About Morehouse

Howard Washington Thurman National Memorial

Howard Thurman Memorial

Dr. Howard Washington Thurman is considered a "Twentieth Century holy man." Ebony and Life magazines identified him as one of the 10 greatest preachers in America.

Thurman's influence is seen upon the College's emergence as a center of the Ghandi-inspired strategy of nonviolent resistance. Under his tutelage, Morehouse became an early laboratory for the study of nonviolence as a tool for confrontation and change, ultimately impacting Dr. Martin Luther King's leadership in the civil rights movement.

Thurman is also considered a forerunner in the religious movement of celebrating the unity of all people, embracing a religious spirituality that was intercultural, interracial, interdenominational and international. His influence-which has touched the lives of countless chaplains, deans, imams, ministers, priests, preachers, rabbis and lay persons-continues.

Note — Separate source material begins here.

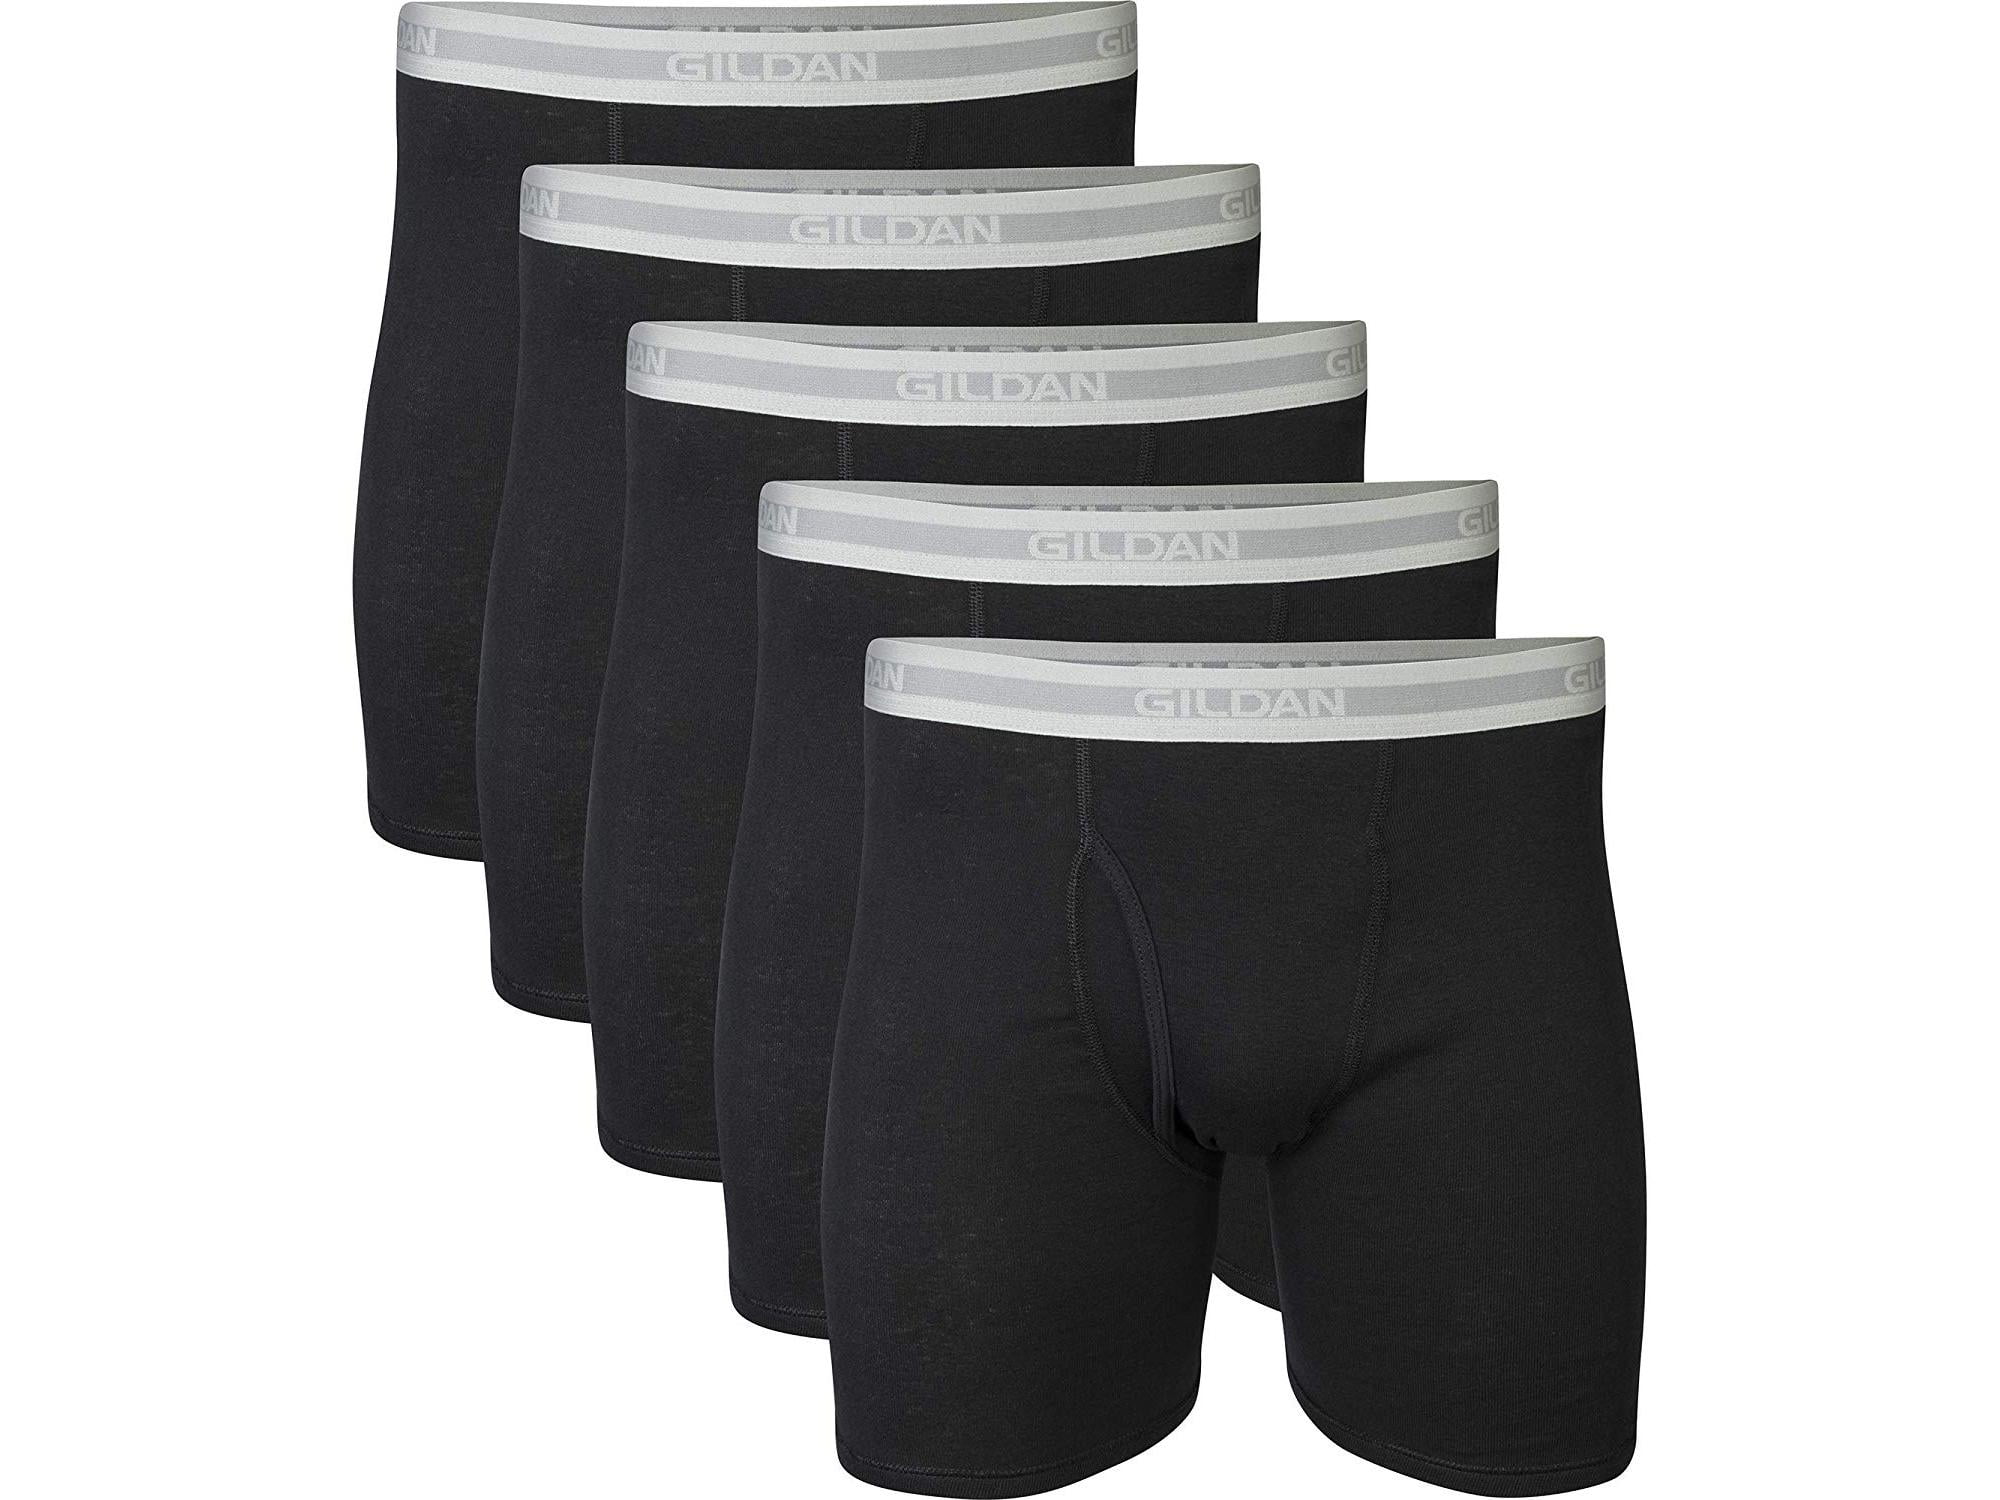 Gildan Men's Regular Leg Boxer Brief Multipack, Black (5, Black

A 1923 graduate of Morehouse College, he was a teacher and preacher to Morehouse and Spelman. He served as the first dean in Andrew Rankin Chapel at Howard University and Daniel Marsh Chapel at Boston University. Dr.Thurman was co-founder and pastor of the Church for the Fellowship of All People in San Francisco, which recently celebrated its 50th anniversary.

Dr. Thurman authored 23 books including Jesus and the Disinherited and The Inward Journey. He died in 1981.